An SNMP-enabled network comprises a Network Management Station (NMS) and agents.
l An NMS is a station that runs the SNMP client software. It offers a user-friendly interface, facilitating network administrators to perform most network management tasks.
l An agent is a program resides in the device. It receives and handles requests sent from the NMS. Only under certain circumstances, such as interface state change, will the agent inform the NMS.
An NMS is a manager in an SNMP enabled network, whereas agents are managed by the NMS. The NMS and agents exchange management information through the SNMP protocol.
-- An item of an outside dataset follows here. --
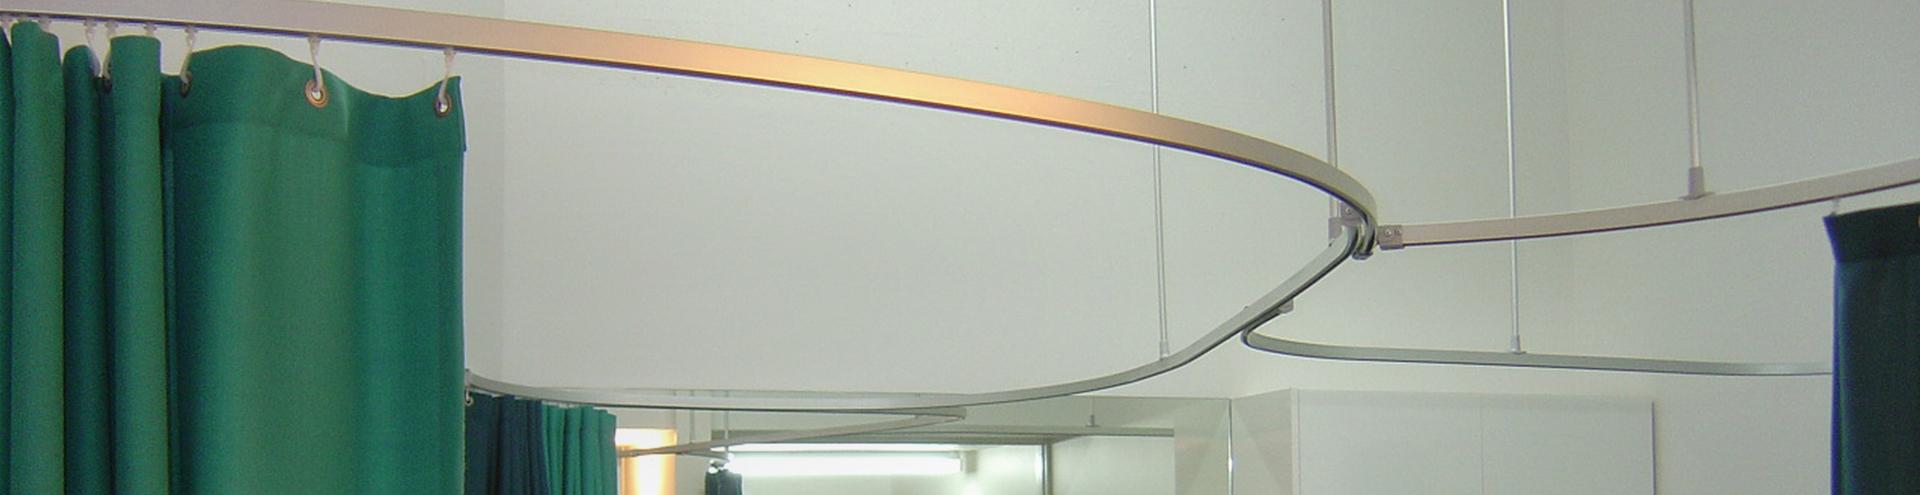 J Amp J Aluminium Christchurch Curtain Tracks Amp Rods

SNMP provides the following four basic operations:
l Get operation: The NMS gets the value of one or more objects of the agent.
l Set operation: The NMS can reconfigure the value of one or more objects in the agent MIB (Management Information Base) by means of this operation.
l Trap operation: The agent sends traps to the NMS through this operation.
l Inform operation: The NMS sends traps to other NMSs through this operation.
Currently, SNMP agents support SNMPv3 and are compatible with SNMPv1 and SNMPv2c.
l SNMPv1 uses community names for authentication, which defines the relationship between an SNMP NMS and an SNMP agent. SNMP packets with community names that did not pass the authentication on the device will simply be discarded. A community name performs a similar role as a password to regulate access from the NMS to the agent.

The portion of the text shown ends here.